La sentenza del Tribunale di Firenze impugnata risulta conforme a questo orientamento, che viene qui condiviso e che porta a ribadire la sussistenza della giurisdizione del giudice ordinario.
4. Il terzo motivo è invece inammissibile, in quanto – al di là del formale richiamo alla violazione di norme di legge contenuto nell’intestazione del motivo – nella sostanza le censure con esso proposte si risolvono nella denuncia di errata valutazione da parte del Giudice del merito del materiale probatorio acquisito ai fini della ricostruzione dei fatti, in particolare con riguardo alla configurazione dell’evento lesivo come idoneo ai fini dell’attribuzione dello status di vittima del dovere o comunque di soggetto equiparato.
Si tratta, quindi, di censure che finiscono con l’esprimere un mero dissenso rispetto alle motivate valutazioni delle risultanze probatorie effettuate dal Tribunale, che come tale è di per sè inammissibile. A ciò va aggiunto che in base all’art. 360 c.p.c., n. 5, – nel testo successivo alla modifica ad opera del D.L. 22 giugno 2012, n. 83, art. 54, convertito in L. 7 agosto 2012, n. 134, applicabile ratione temporis – la ricostruzione del fatto operata dai Giudici di merito è sindacabile in sede di legittimità soltanto quando la motivazione manchi del tutto, ovvero sia affetta da vizi giuridici consistenti nell’essere stata essa articolata su espressioni od argomenti tra loro manifestamente ed immediatamente inconciliabili, oppure perplessi od obiettivamente incomprensibili (Cass. SU 7 aprile 2014, n. 8053; Cass. SU 20 ottobre 2015, n. 21216; Cass. 9 giugno 2014, n. 12928; Cass. 5 luglio 2016, n. 13641; Cass. 7 ottobre 2016, n. 20207). Evenienze che qui certamente non si verificano.

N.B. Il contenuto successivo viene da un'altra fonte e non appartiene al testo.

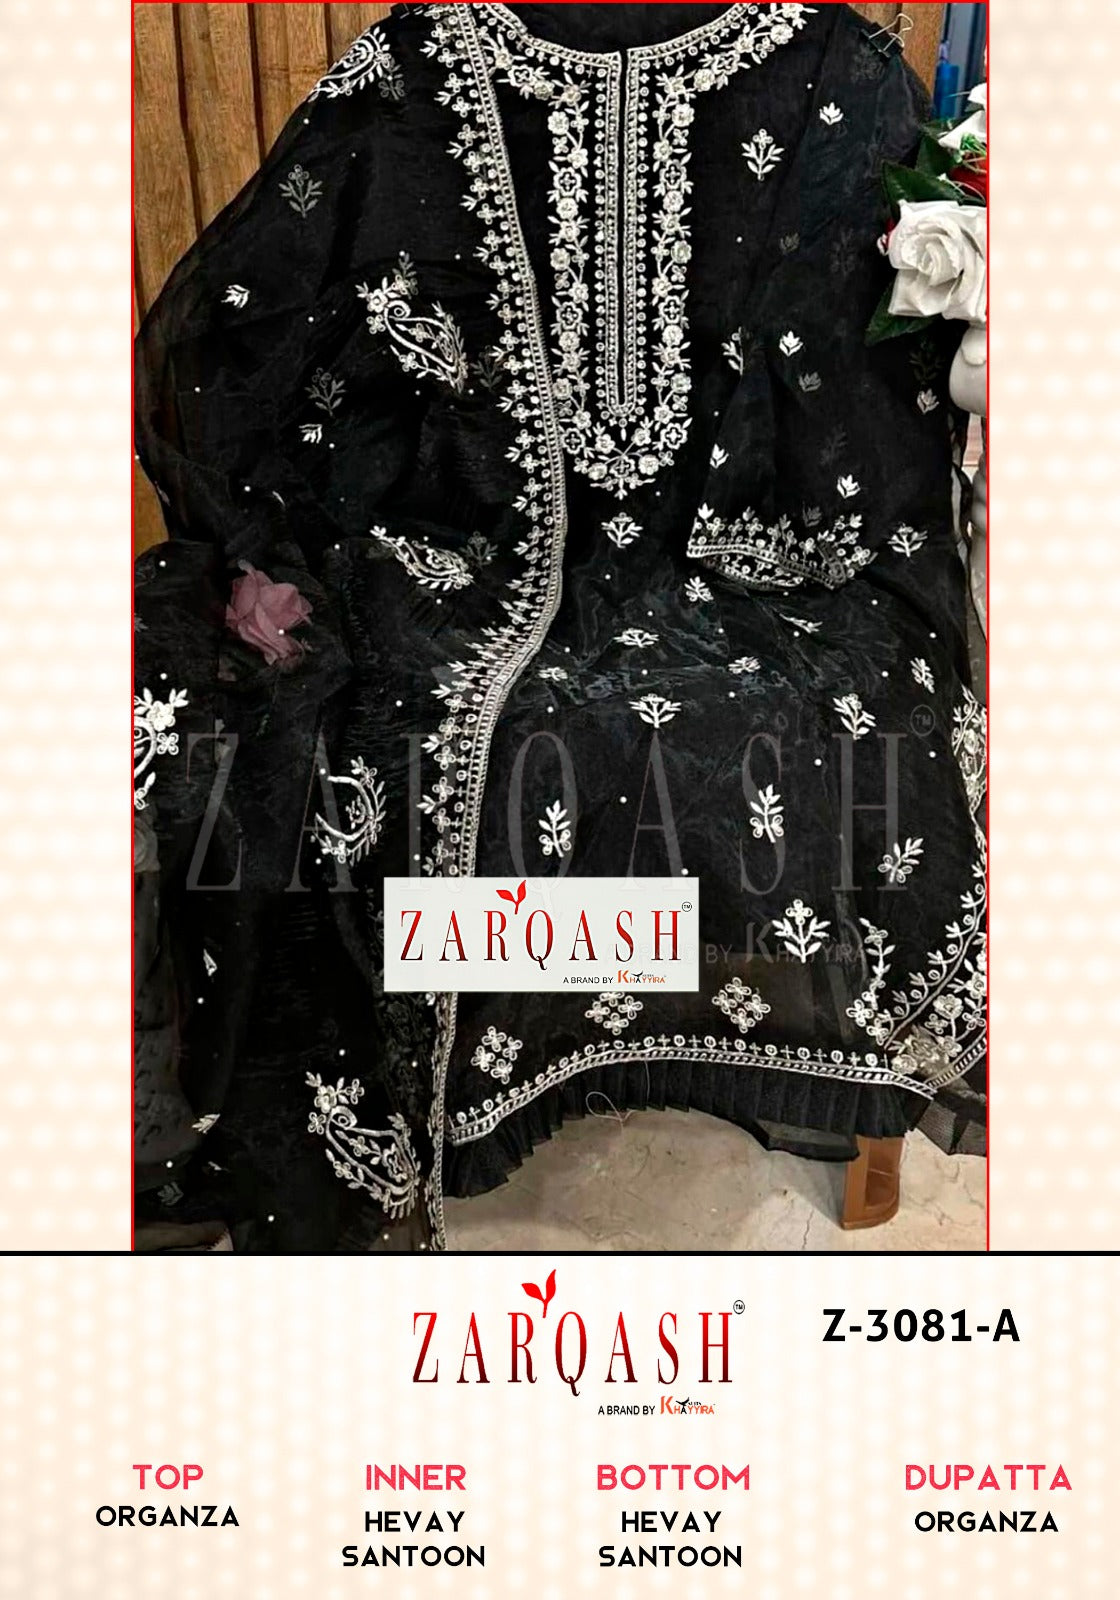 Z-3081 Zarqash Organza Pakistani Salwar Suits

5. Il quarto motivo non è fondato.
Con esso si affronta la questione – nuova per queste Sezioni Unite e di rilevante importanza – relativa alla determinazione dell’ammontare dell’assegno vitalizio da attribuire alle vittime del dovere e soggetti equiparati.
Per una migliore comprensione della questione e della relativa decisione appare opportuno ricordare che:
a) con la L. n. 350 del 2003, art. 4, comma 238, è stato raddoppiato l’ammontare dell’assegno vitalizio in favore della vittime del terrorismo e della criminalità organizzata, di cui alla L. 23 novembre 1998, n. 407, art. 2, “e successive modificazioni”, di conseguenza il relativo importo è divenuto pari ad Euro 500,00 mensili e non più ad Euro 258,23 (corrispondenti a Lire 500.000);
b) il D.P.R. n. 243 del 2006, emanato in base alla L. n. 266 del 2005, art. 1, comma 565, – secondo cui il suddetto regolamento doveva definire soltanto tempi e modalità della erogazione dei benefici, in base ad una graduatoria unica nazionale per le vittime del dovere e i soggetti equiparati – all’art. 4, a proposito degli effetti della L. n. 407 del 1998 per tali ultimi beneficiari – ha affermato che l’assegno vitalizio dovesse essere corrisposto (alle vittime del dovere ed equiparati) in un ammontare pari ad Euro 258,23;
c) tale disposizione, se intesa come precettiva, avrebbe creato una irragionevole diversità di trattamento tra le vittime del terrorismo e della criminalità organizzata (il cui assegno, come si è detto, era stato raddoppiato di ammontare dalla L. n. 350 del 2003 cit., che pure ha fatto riferimento alla L. n. 407 del 1998) e le vittime del dovere;
d) pertanto, il Consiglio di Stato – a partire da Sez. 4^, sent. 20 dicembre 2013, n. 6156 – con varie pronunce, ha, in via interpretativa, chiarito che alla misura dell’assegno indicata nel suddetto D.P.R. n. 243 del 2006, art. 4, non deve essere attribuito il valore di cristallizzazione del relativo importo, in quanto escludere le vittime del dovere e i soggetti equiparati dal disposto raddoppio dell’ammontare dell’assegno equivarrebbe a creare una ingiustificata disparità di trattamento, che sarebbe anche in contrasto con l’evoluzione della legislazione in materia, permeata da un intento perequativo;
e) la successiva giurisprudenza amministrativa e ordinaria si è uniformata a tale indirizzo – assurto ormai al rango di “diritto vivente” – tanto più che la L. n. 244 del 2007, art. 2, comma 105 e ss., ha previsto l’attribuzione ai figli maggiorenni delle vittime del dovere di un assegno vitalizio mensile di ammontare pari ad Euro 500,00, sicché, a questo punto, può dirsi implicitamente confermata anche da parte del legislatore la suddetta equiparazione, altrimenti producendosi una ulteriore irragionevole disparità di trattamento tra figli maggiorenni delle vittime del dovere e vittime del dovere stesse.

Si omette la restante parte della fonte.